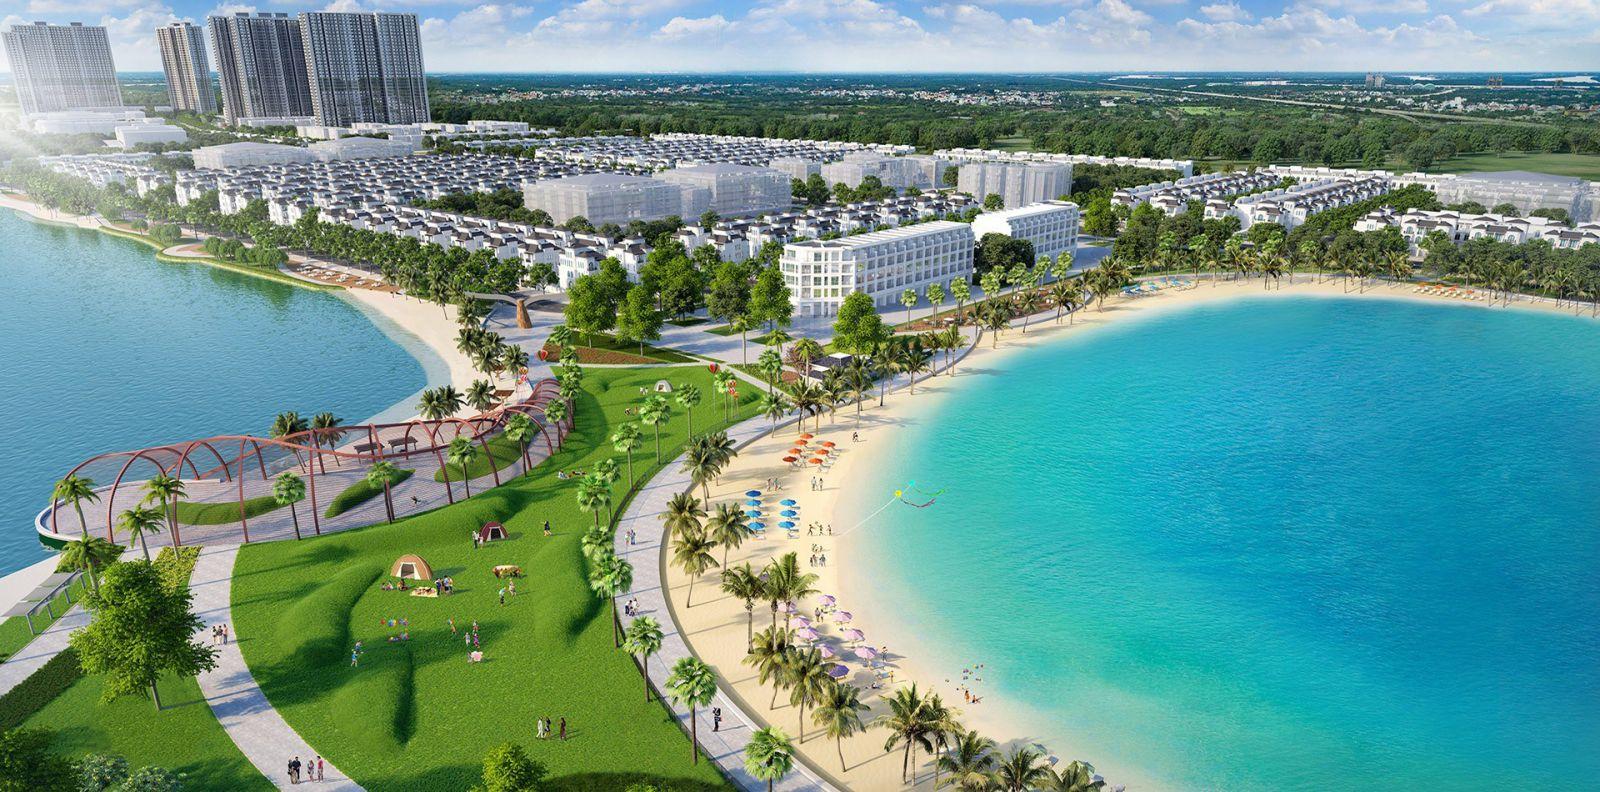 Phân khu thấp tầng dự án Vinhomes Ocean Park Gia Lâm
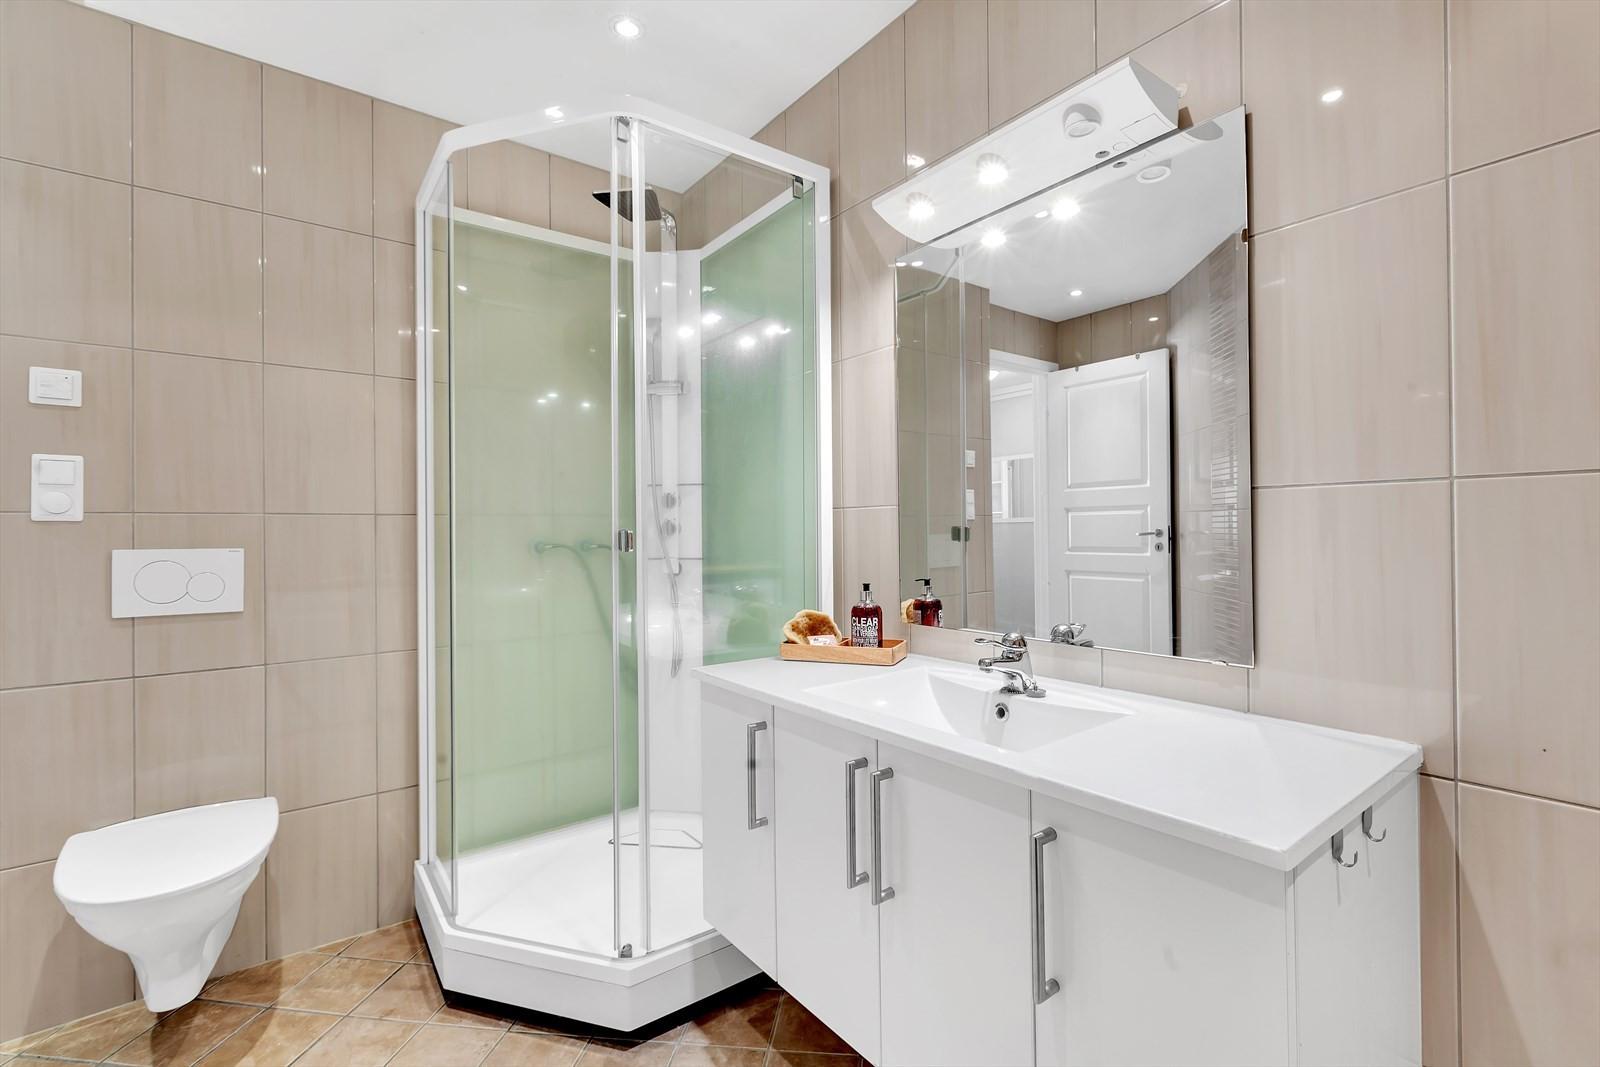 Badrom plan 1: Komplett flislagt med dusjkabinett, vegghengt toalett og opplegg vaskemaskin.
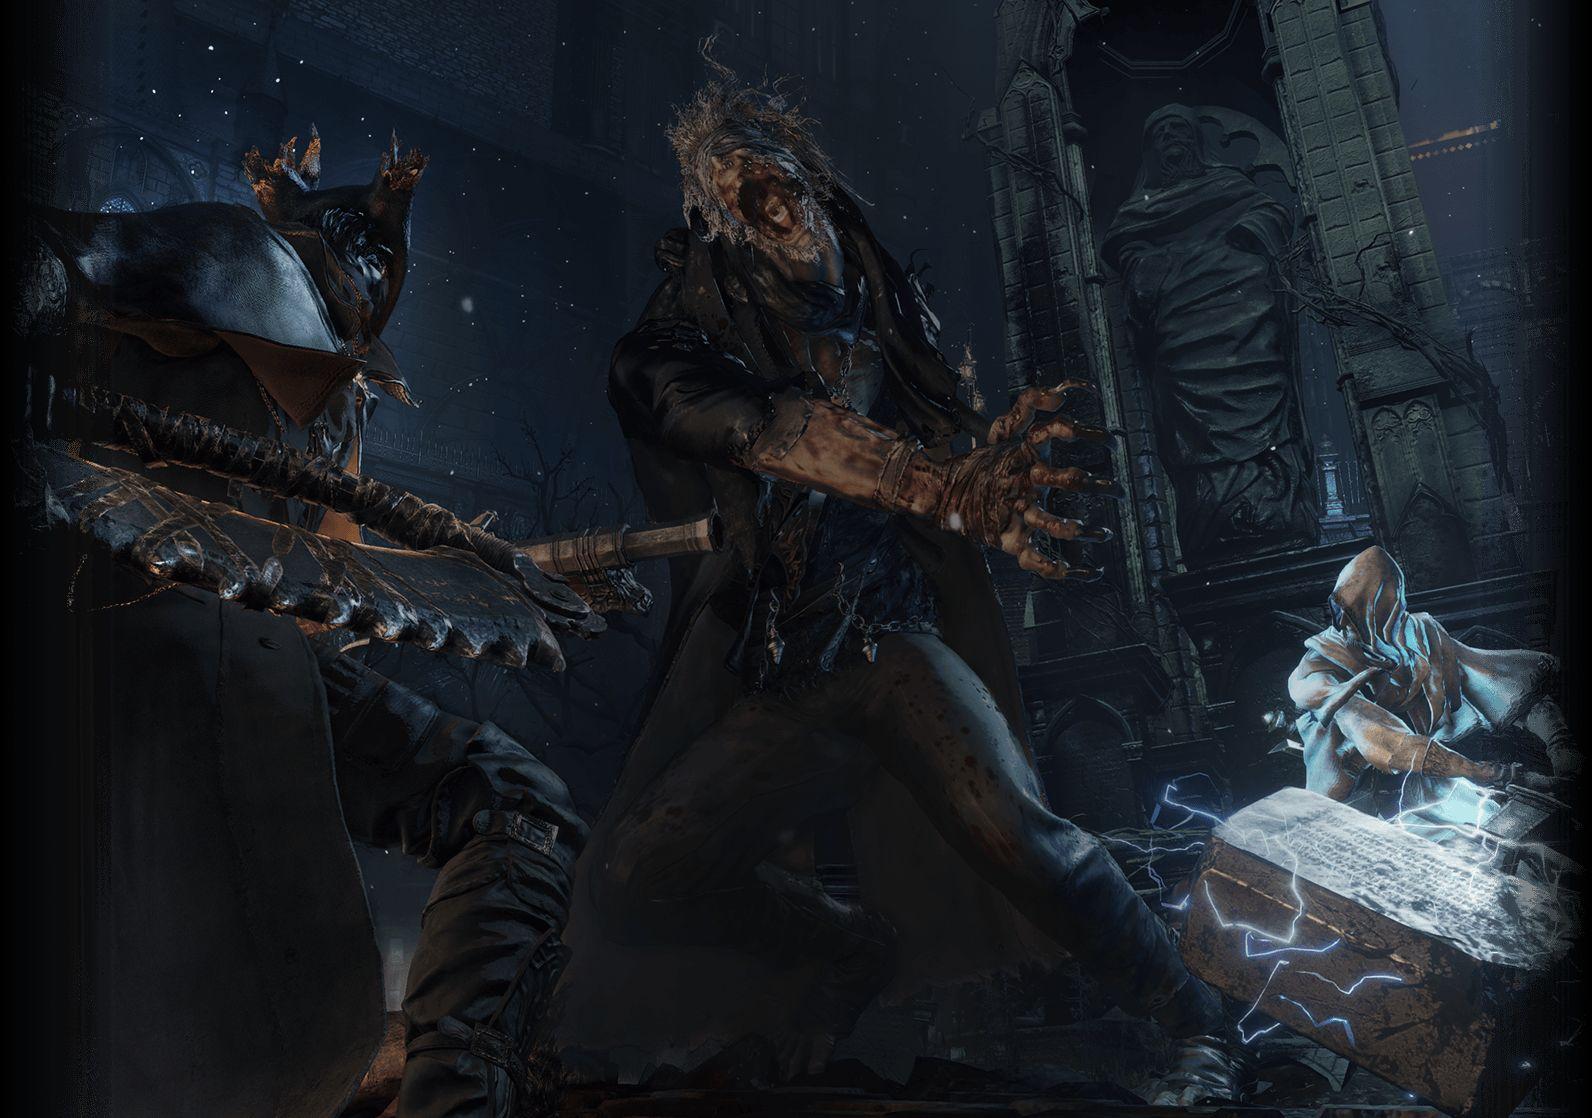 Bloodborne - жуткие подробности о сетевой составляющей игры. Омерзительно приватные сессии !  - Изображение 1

────────────────────

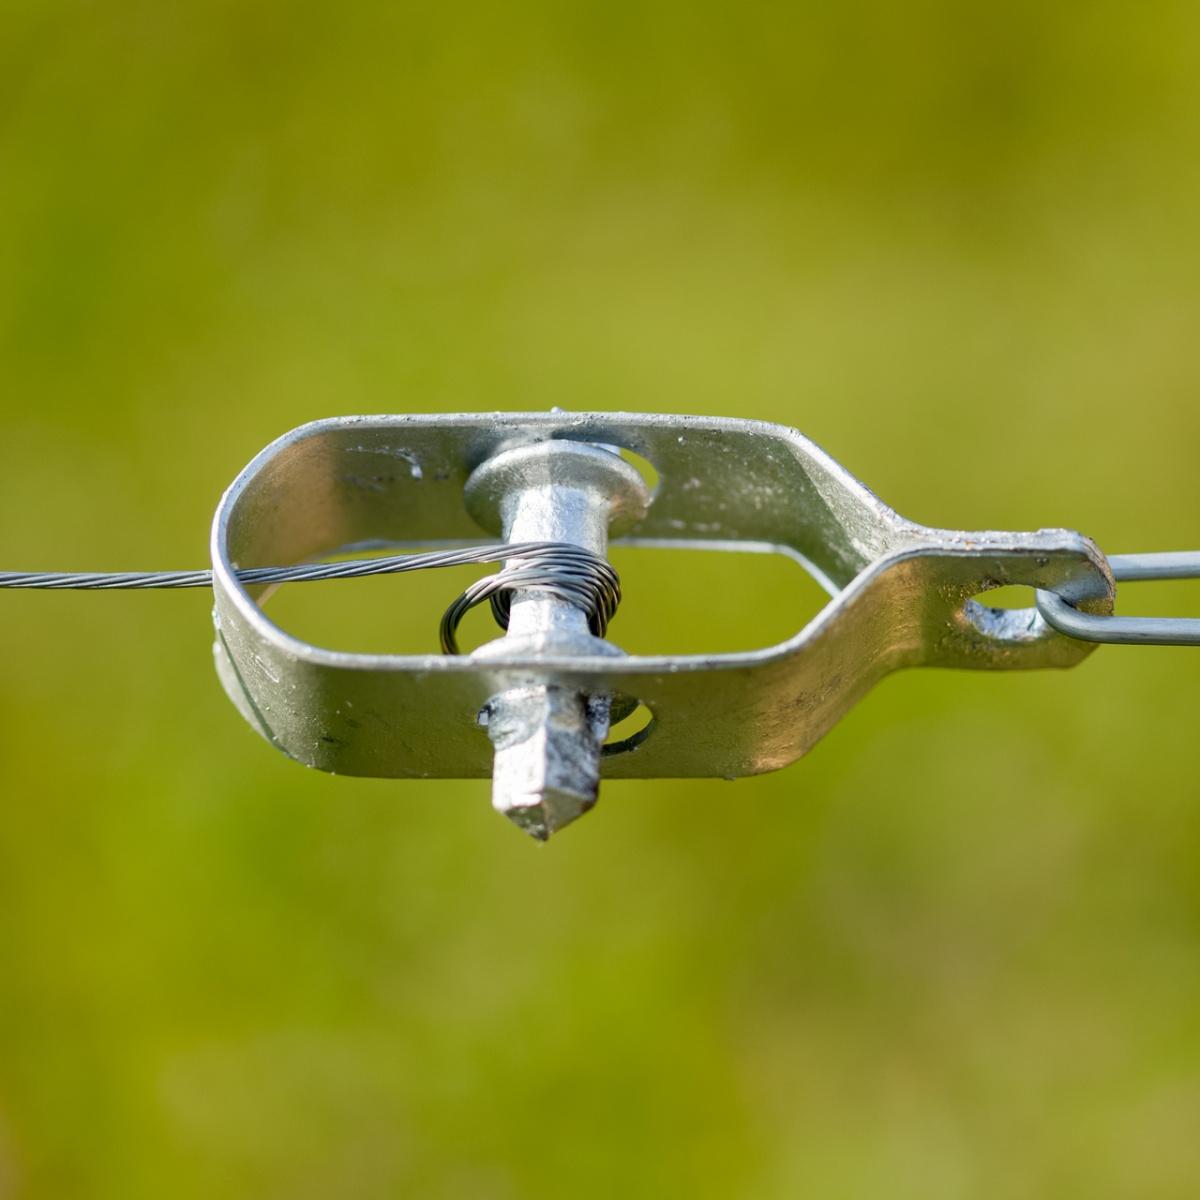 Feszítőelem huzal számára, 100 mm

────────────────────

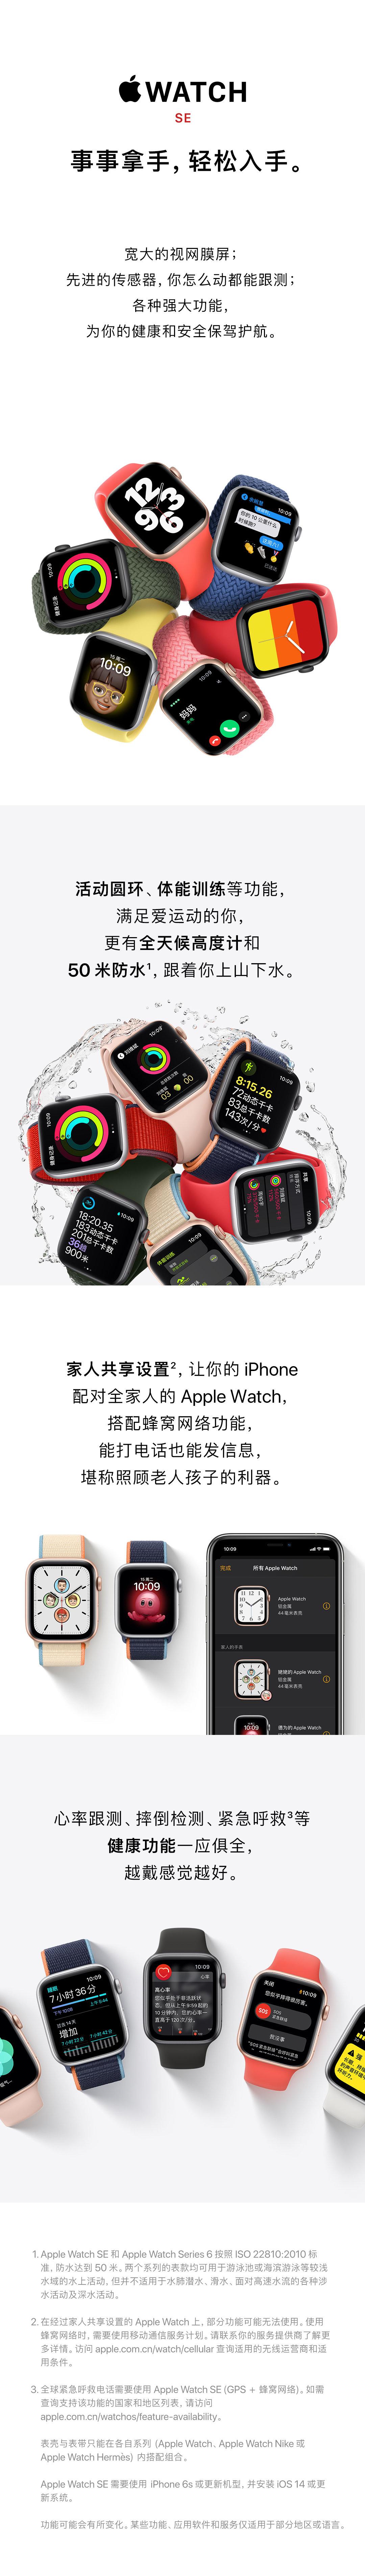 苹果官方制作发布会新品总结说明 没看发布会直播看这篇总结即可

────────────────────

TASK PROMPT
Above are some entries; copy exactly the lines from the line with "Badrom plan 1: Komplett" through the line with "Bloodborne - жуткие", both included, but none of the pictures.

TASK RESULT
 Badrom plan 1: Komplett flislagt med dusjkabinett, vegghengt toalett og opplegg vaskemaskin.
 Bloodborne - жуткие подробности о сетевой составляющей игры. Омерзительно приватные сессии !  - Изображение 1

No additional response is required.